No, I didn't try TRANSFER. I actually had to look it up to see what it does, and it still isn't totally clear to me. It seems to be a "move" of sorts, and is something that was added in Fortran 95. I am not sure what I would do with it. I think the issue is more in the routines that call the data manager; that routine just gets an argument vector that is ostensibly "real," and does only copying to move things around, not really caring about the type of data "in the box," as you put it. The code for this was written back in the mid 80s to the Fortran 77 standard, and I haven't had any need to upgrade it. I don't plan to upgrade it until forced to do so or at least a "good" portable solution is at hand.
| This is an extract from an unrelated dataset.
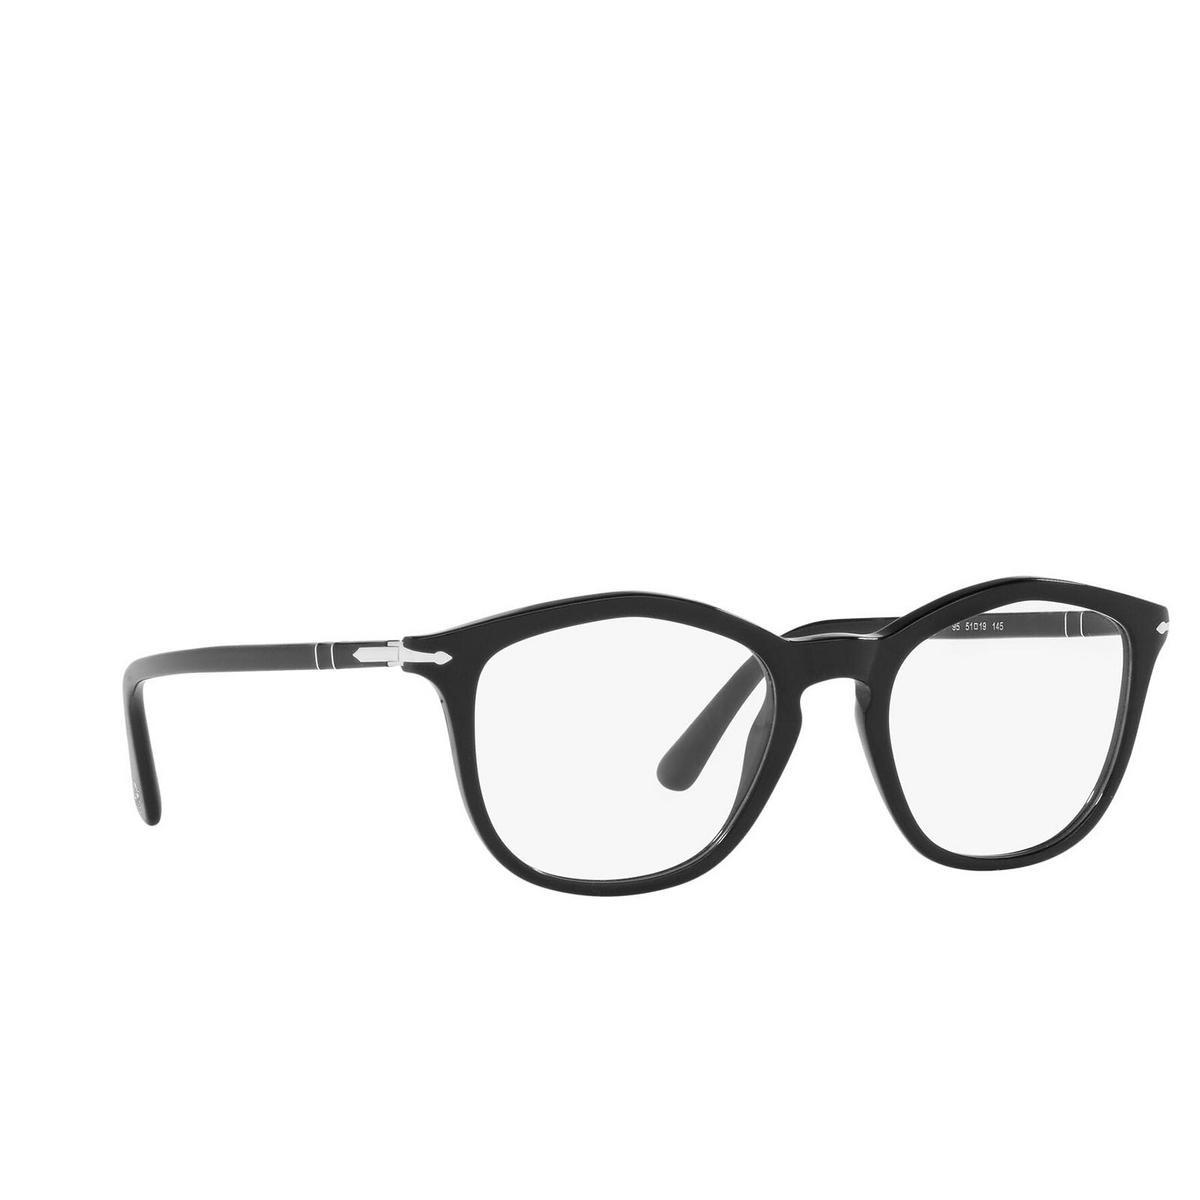 Persol® Irregular Eyeglasses: PO3267V color Black 95 - three-quarters view.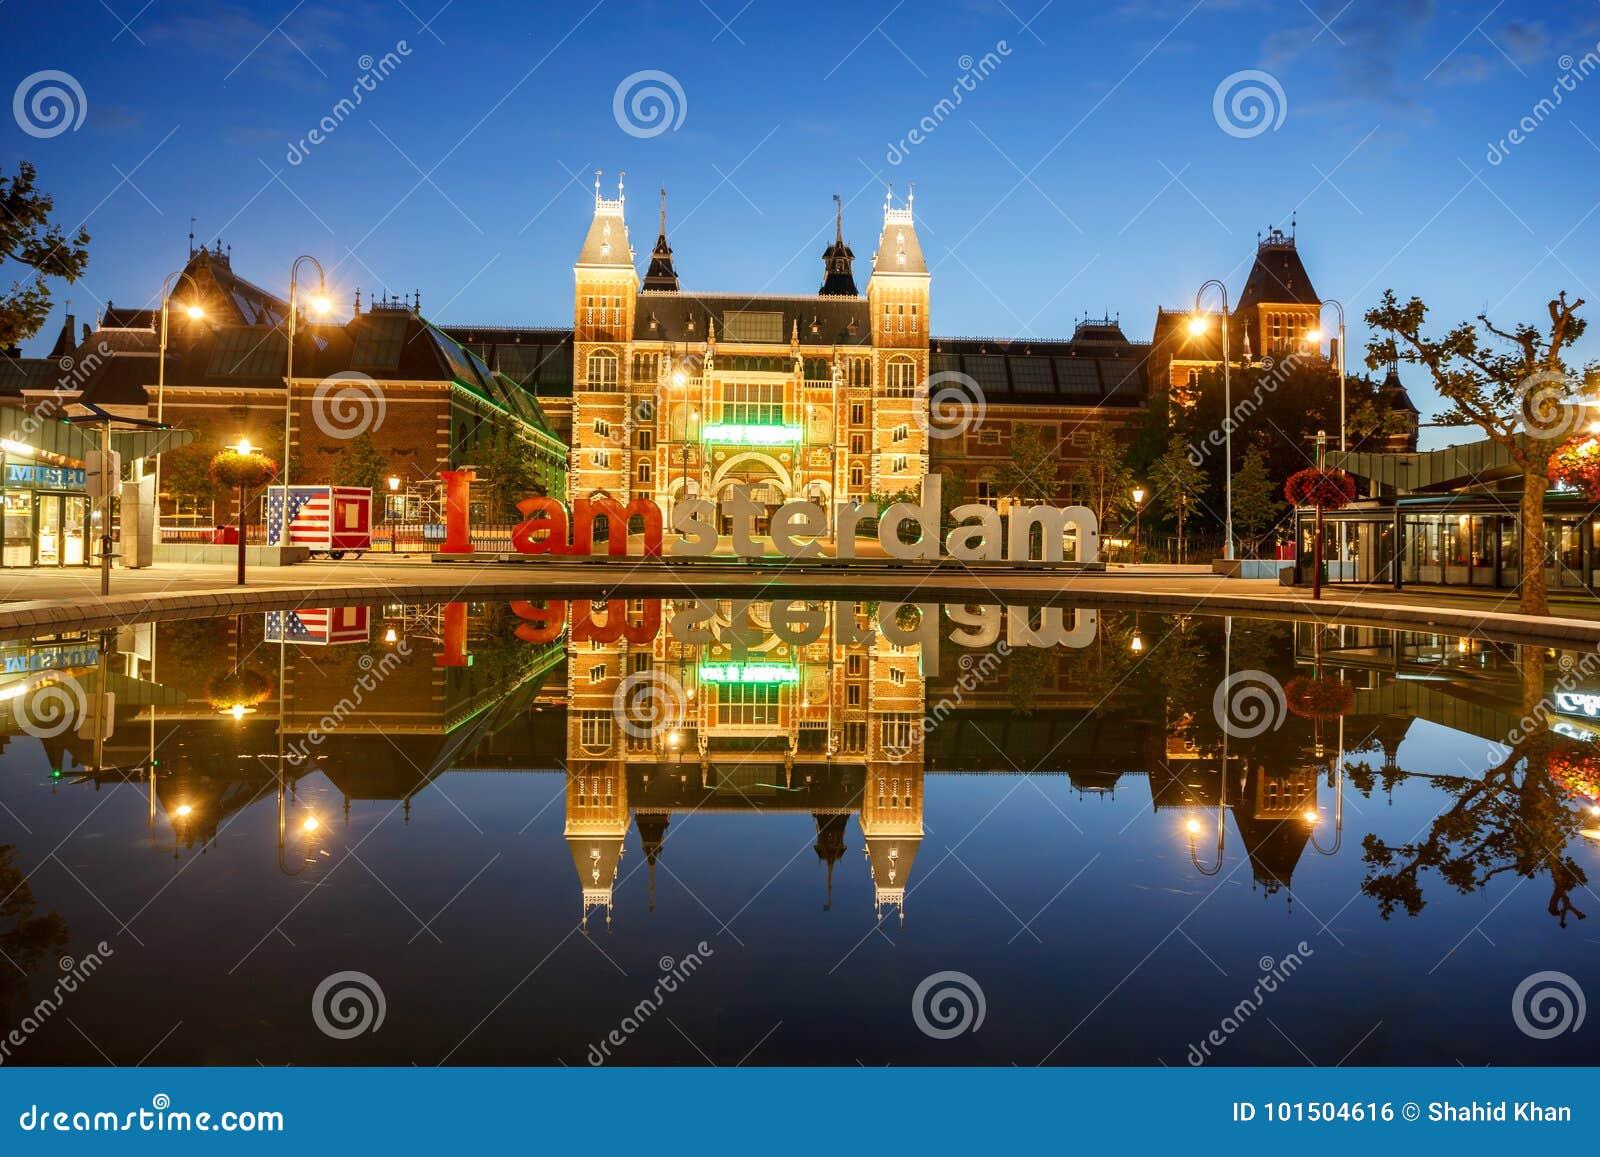 Rijksmuseum Amsterdam Netherland

Perhaps someone familiar with the equivalence issue can explain why equivalence of character and non-character entities is not allowed in the standard, particularly since doing so can be implemented by a compiler; Lahey has allowed this override since F77L. I suppose it can be an issue if a machine architecture is such that an integer or real word size is not an even multiple of character size. But character strings have to be put somewhere, in the same kind of real memory as numeric data occupy, and they have locations. So why shouldn't the starting point of a string be controllable? Boundary alignment issues?
RAR
-----Original Message-----
From: Fortran 90 List [mailto:[log in to unmask]]On Behalf
Of Alvaro Fernandez
Sent: Tuesday, March 09, 2004 5:23 PM
To: [log in to unmask]
Subject: Re: Data type "UNDEFINED"
I'm curious: Did you try TRANSFER(), or was it too slow?